The excellent article seem to cover all the pertinent points. But there is recent context that makes the work itself even more pertinent.
The simpler CDM model makes a better fit to observations on cosmological scales. But as the article notes here they show for the first time that the more particle physics generic SIDM provides a better fit to pulsar timing array data of the gravitational wave background from mergers, while avoiding conflict with other data.
So that is promising, combined with the recent find that black hole mergers is a part of a most likely and robust self consistent model dynamically generated pathway for early galaxy supermassive black holes. Supermassive black holes are now observed to have formed with early galaxies and then have been a more significant part of galaxy mass. The heavy seed and superEddington growth scenario seems both robustly observed by self consistent models now. [From Seeds to Supermassive Black Holes: Capture, Growth, Migration, and Pairing in Dense Protobulge Environments, Yanlong Shi et al 2024 ApJL 969 L31.] This pathway to formation would conveniently explain both how gas clouds magnetic fields are collected to strong fields and then how they can dominate over thermal forces allowing for superEddington growth in dense clouds. It may even explain the mysterious red dots:
“The late-stage system appears remarkably similar to recently observed high-redshift “little red dots.” This scenario can provide an explanation for rapid SMBH formation, growth, and mergers in high-redshift galaxies.”

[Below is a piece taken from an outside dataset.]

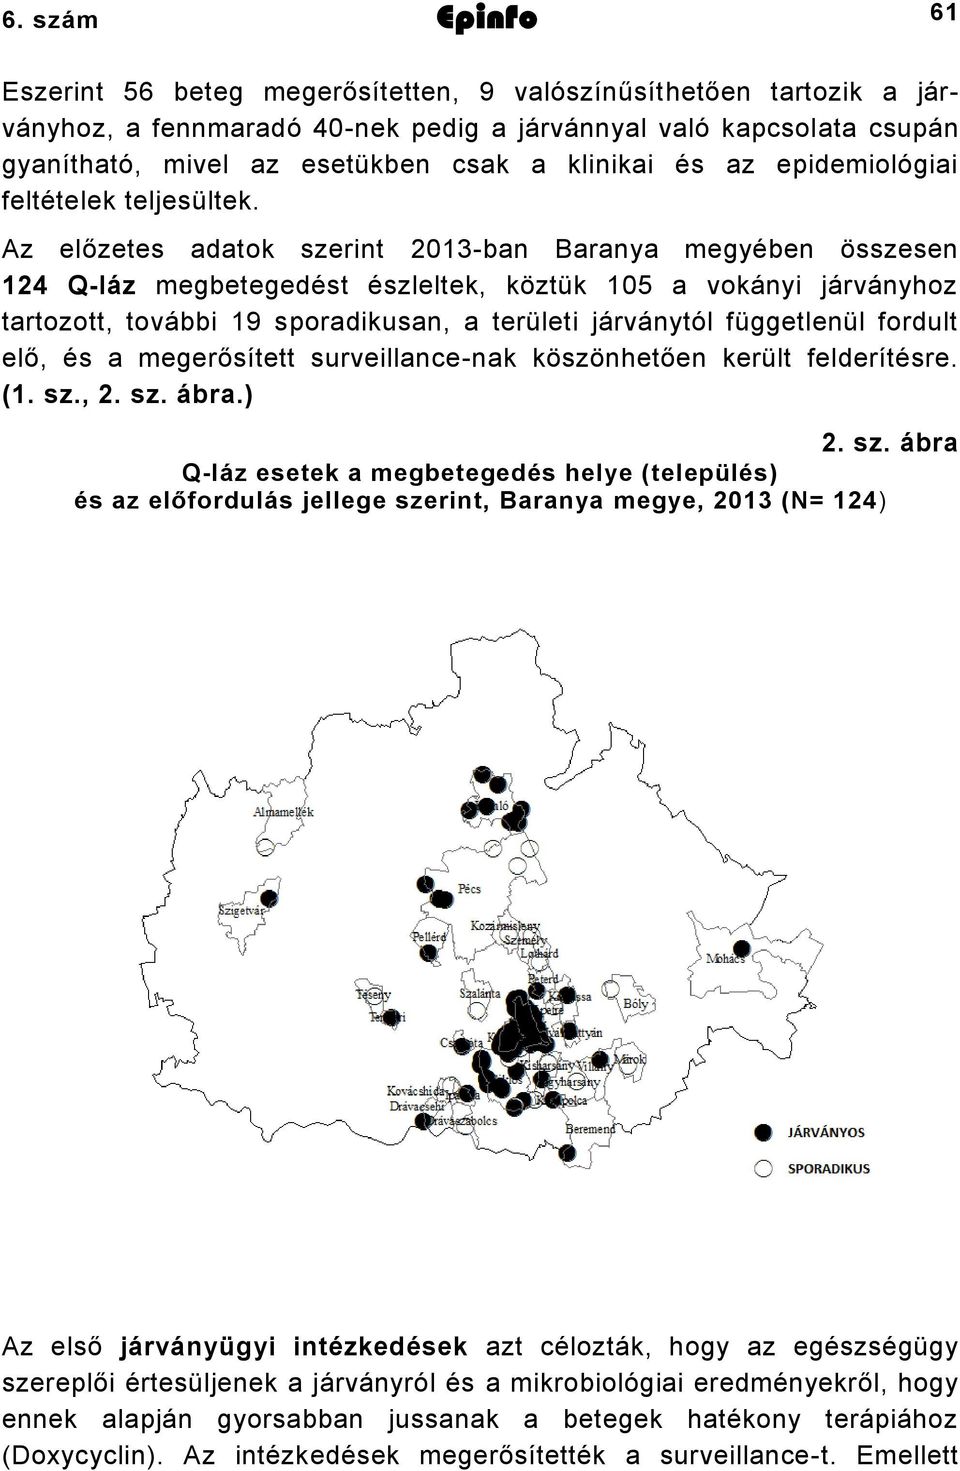 Az előzetes adatok szerint 2013-ban Baranya megyében összesen 124 Q-láz megbetegedést észleltek, köztük 105 a vokányi járványhoz tartozott, további 19 sporadikusan, a területi járványtól függetlenül

Moreover, the star massed seed growth and merger path in early dense gas clusters is consistent with other black hole formation pathways and much more likely than direct collapse scenarios.
“The formation of [dynamically generated heavy] seeds is 100,000 times more likely than heavy seeds produced via direct collapse and are therefore more likely to explain the overall MBH population.”
[The seeds that formed the garden of massive black holes, Pranav Satheesh, Astrobites, Jun 14, 2024.]